# Concrete



## Chance_3001 (Aug 14, 2008)

Can you pour more concrete over existing concrete?


----------



## 'the epoxy floor guy' (Aug 14, 2008)

you 'can' BUT...

I wouldn't if you are pouring over 'some' and over new dirt for the rest. 100% guaranteed you will have a crack over the edge of the old/new.

NEVER less than 2" and ONLY if you 

#1 Use 'pea gravel' (or smaller aggregate) mix.
#2 you are going over SOLID (maybe not so nice looking) Floor for the entirety.

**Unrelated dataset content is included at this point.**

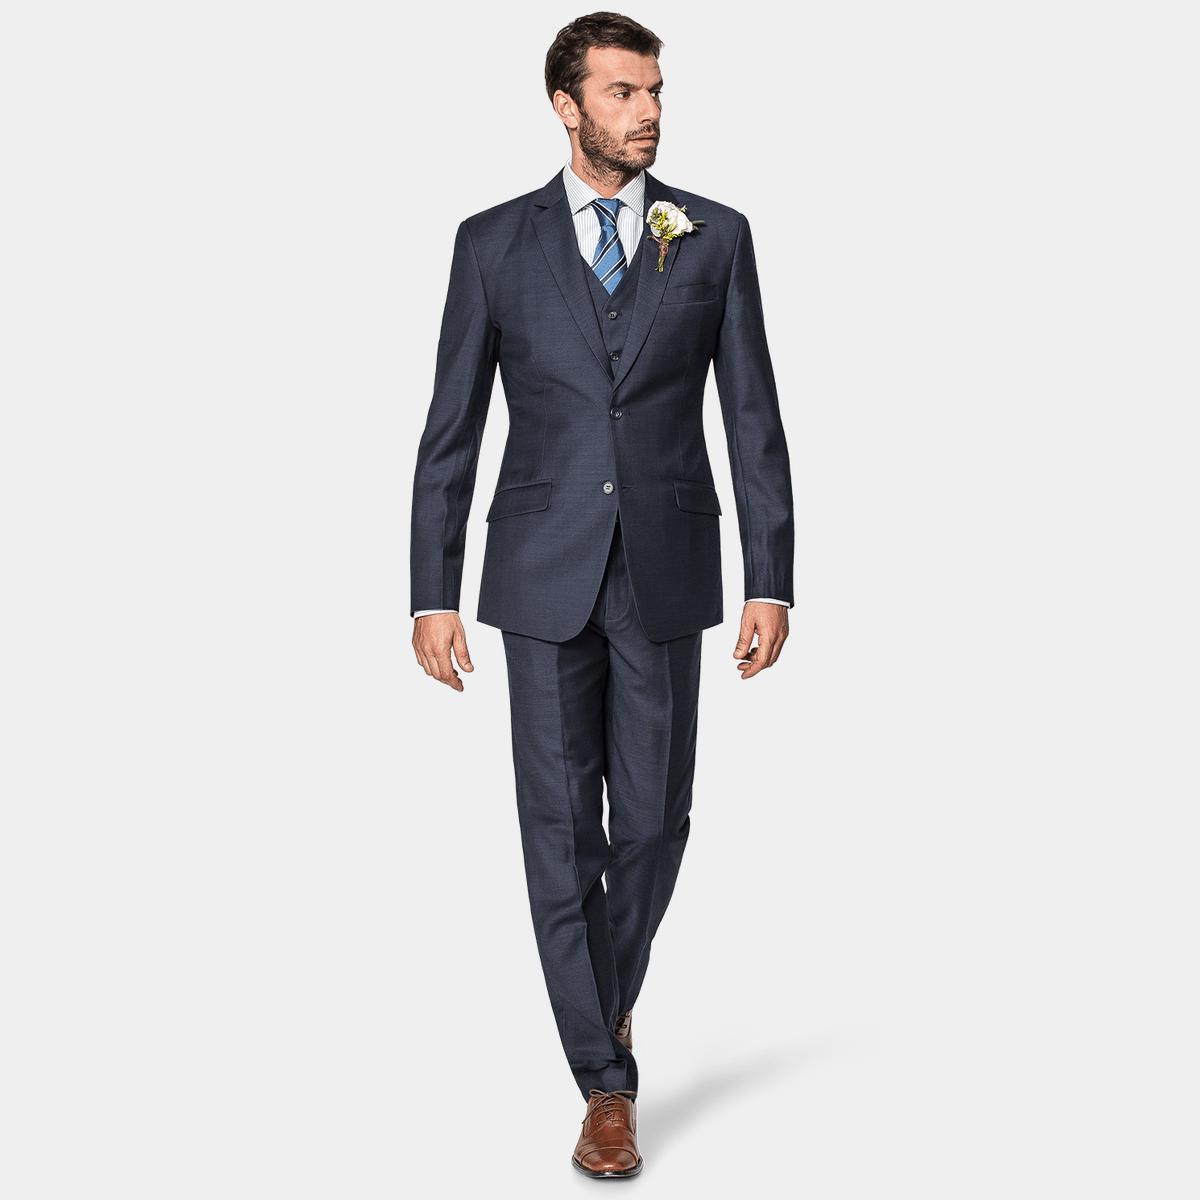 758217f5960c Men s Wedding Suits   Tuxedos

IF you are doing it yourself IT IS A LOT OF WORK. But in a couple years when the cracks and problems REAPPEAR, you will be kickin yourself in the butt.


----------



## tectonicfloors (Jan 7, 2012)

You need to make the surface of the current floor rough so the new floor will expand and contract at the same rate. Best to remove the old, but if you are going to put at least 3" thick of new concrete, you can put it on top.


----------



## widesheds (Jan 24, 2012)

That's something that I have seen many people asking the same thing or confused about won't it be having the same result otherwise even though the interval will be little more longer. I agree that the 3" thickness will be a more than enough to provide it the much required stability.


----------